Opinion: Why we should be concerned about the NSW adoption reforms

This week, the NSW Government will seek to pass sweeping changes through Parliament that will make it easier for children to be adopted without the consent of their parents and harder for parents to have their children restored to their care after they have been removed. 

These changes have been promoted as enabling the Department of Family and Community Services (FACS) to fast-track children into permanent placements. While this may sound appealing, it is an approach that comes with serious risks.

For Aboriginal and Torres Strait Islander children, who enter the child protection system at over ten times the rate of non-Indigenous children in NSW, the stakes are particularly high.

The NSW Government conceded last week that over 800 Aboriginal and Torres Strait Islander children currently under guardianship orders could be adopted without the need for parental consent under the new proposals. 

This is despite the fact that the Australian Human Rights Commission’s Bringing Them Home report concluded that adoption is contrary to Aboriginal custom and inter-racial adoption is contrary to the best interests of Aboriginal children in the great majority of cases.

The Bringing Them Home report, released more than twenty years ago, recommended that statutory adoption be a last resort for Aboriginal and Torres Strait Islander children. Recent reviews of adoption laws in both South Australia and Victoria have affirmed this recommendation. The Victorian Law Reform Commission recommended restricting the circumstances in which adoption can occur without parental consent, concluding “consent is the cornerstone of the adoption process”.

Aboriginal organisations have, understandably, called for a greater focus on supporting families to avoid removals. These calls are not reflected in the proposals.

The proposed amendments pay lip service to the notion of early intervention, making minor changes to the ability of FACS to request services from other agencies. At the same time, the changes would introduce an arbitrary two-year maximum time limit for restoring a child to their family, restricting the Court’s flexibility to consider the best interests of each child on a case by case basis.

This approach risks severing children from their families and culture before all efforts have been made to keep them together.

Crucially, there is nothing in the proposed amendments to ensure that families are provided with additional support to meet this new strict timeframe. For many families in a time of crisis and upheaval, two years simply may not be enough time to get the assistance they require and be in a position to welcome their children home again. This is especially so given the chronic under-funding of support services and notoriously long wait times for housing and rehabilitation.

Many Aboriginal families must also contend with a legacy of inter-generational trauma from the Stolen Generations, memories of which are revived by the notion of adoption without consent.

Nobody wants to see children languish in unstable short-term foster placements.  Under current laws, the Children’s Court can already make orders that support a stable placement while still allowing for important judicial and Government supervision, and safeguarding contact between a child and their birth family.
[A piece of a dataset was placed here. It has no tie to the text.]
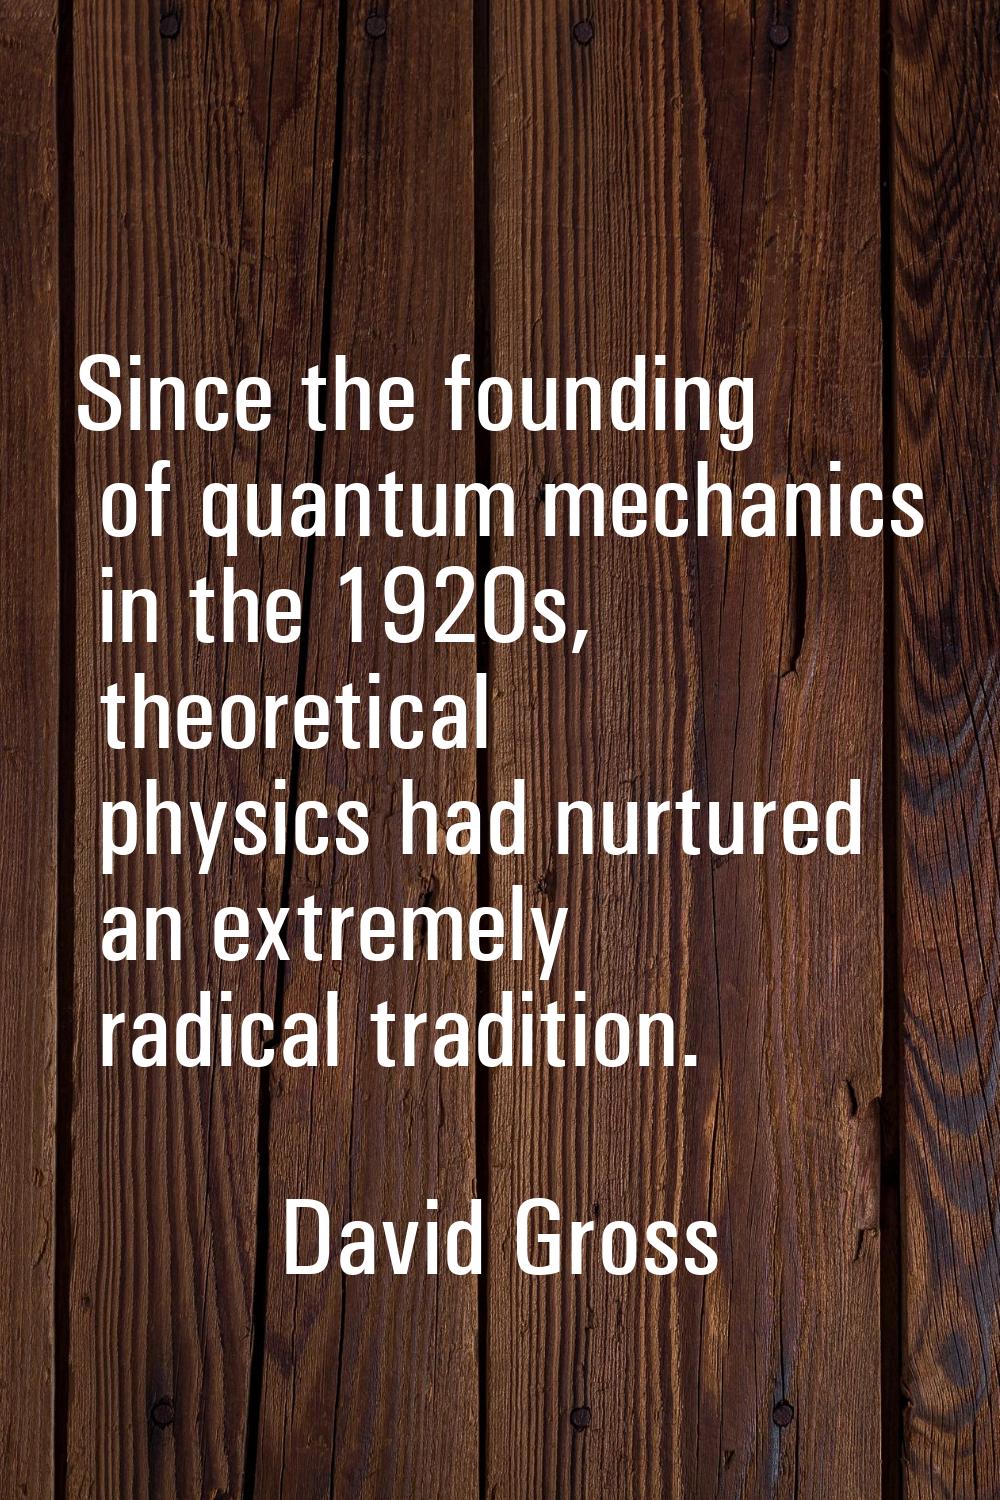 Since the founding of quantum mechanics in the 1920s, theoretical physics had nurtured an extremely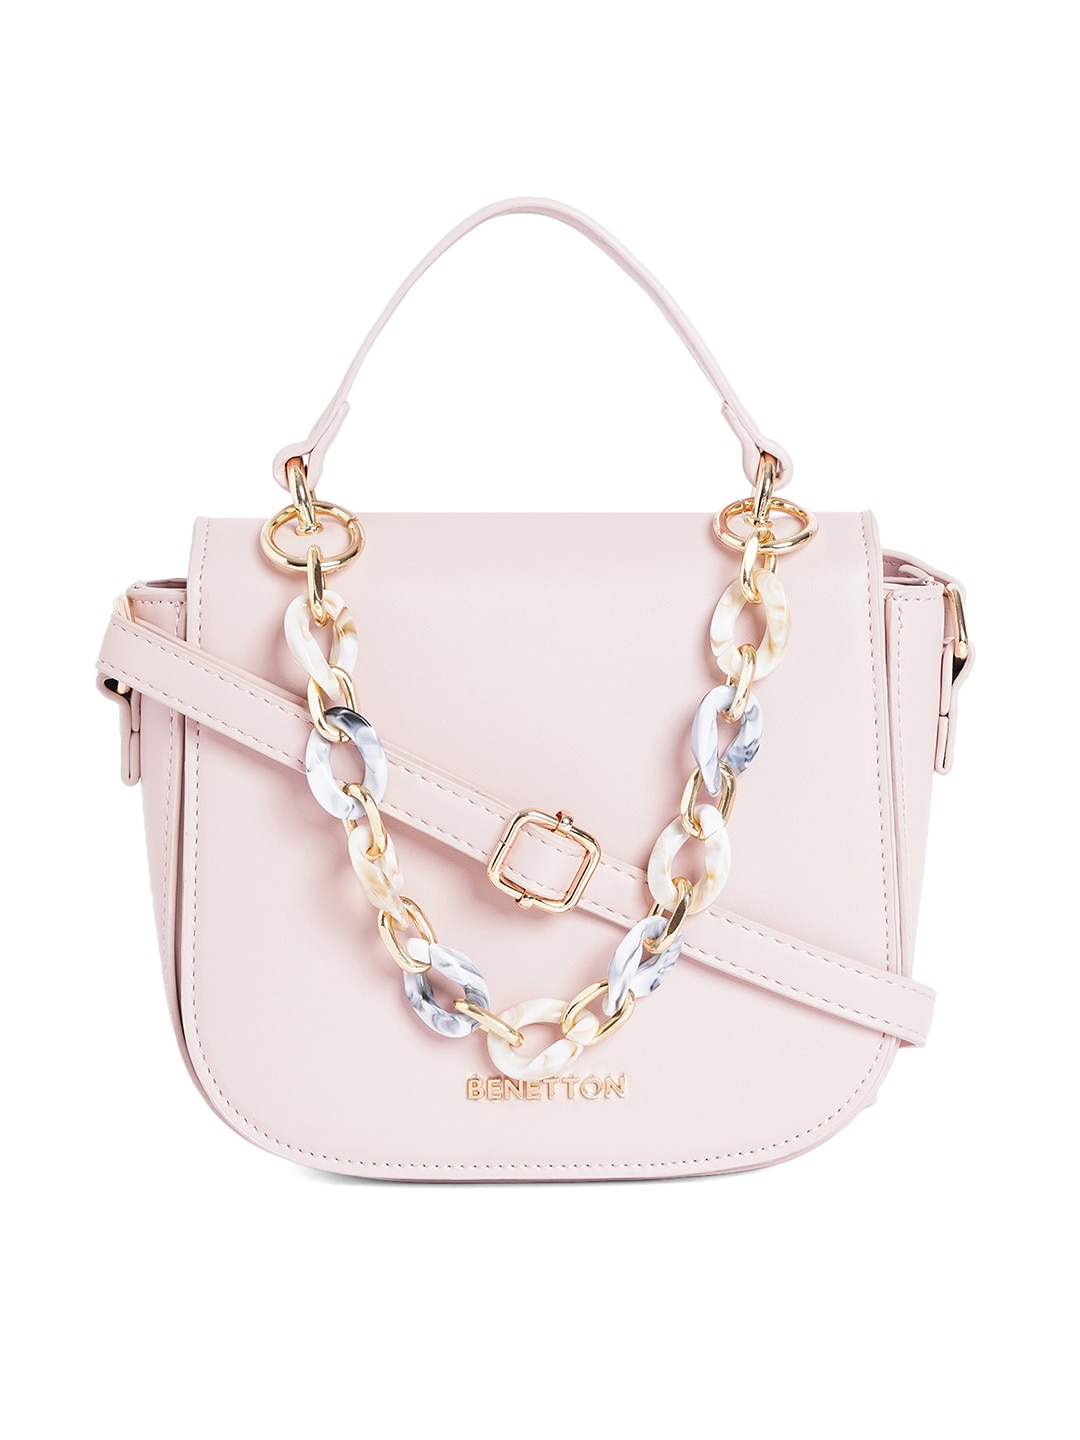 United Colors of Benetton Pink Structured Handheld Bag Price in India

NSW is alone in fast-tracking adoption as a solution for children in out-of-home care. While it will take children off the Government’s books, this approach does nothing to address the systemic problems that lead to the over-representation of Aboriginal children in out-of-home care.

Across Australia, there is growing recognition that we need to invest more in early support for families to reduce the number of children in care. Our child protection laws can and should support this re-orientation of the care system. 

This includes placing a clear legislative obligation on FACS to support families prior to the removal of children, consistent with international best practice. It may be surprising to many that such an obligation does not already exist. 

Unfortunately, the changes proposed by the NSW Government do little to support families. They also reduce accountability for a vulnerable group of children.  If we have learned nothing else from the multitude of recent reports about child protection, it is the importance of accountability and oversight of vulnerable children. Yet, when children are adopted, neither FACS nor the Courts have a role in overseeing the placement or in ensuing that a child continues to have contact with members of their biological family.

It is, then, no surprise that the amendments are strongly opposed by the community legal sector and Aboriginal organisations. Notably, even the Public Service Association, the union representing FACS caseworkers, are opposed to the amendments.

These changes risk repeating past mistakes with devastating consequences for the children and families involved. 

This is not a call for things to stay the same. The rates of removal of Aboriginal children from their families in NSW are unacceptable. The answers, however, are not be to found in fast-tracking permanent removal. Instead, we should be doing all we can to support Aboriginal families to provide a safe and stable environment for children.

Brooke Greenwood is a Senior Solicitor in the Indigenous Child Protection Project, which is a joint initiative of PIAC and the Aboriginal Legal Service.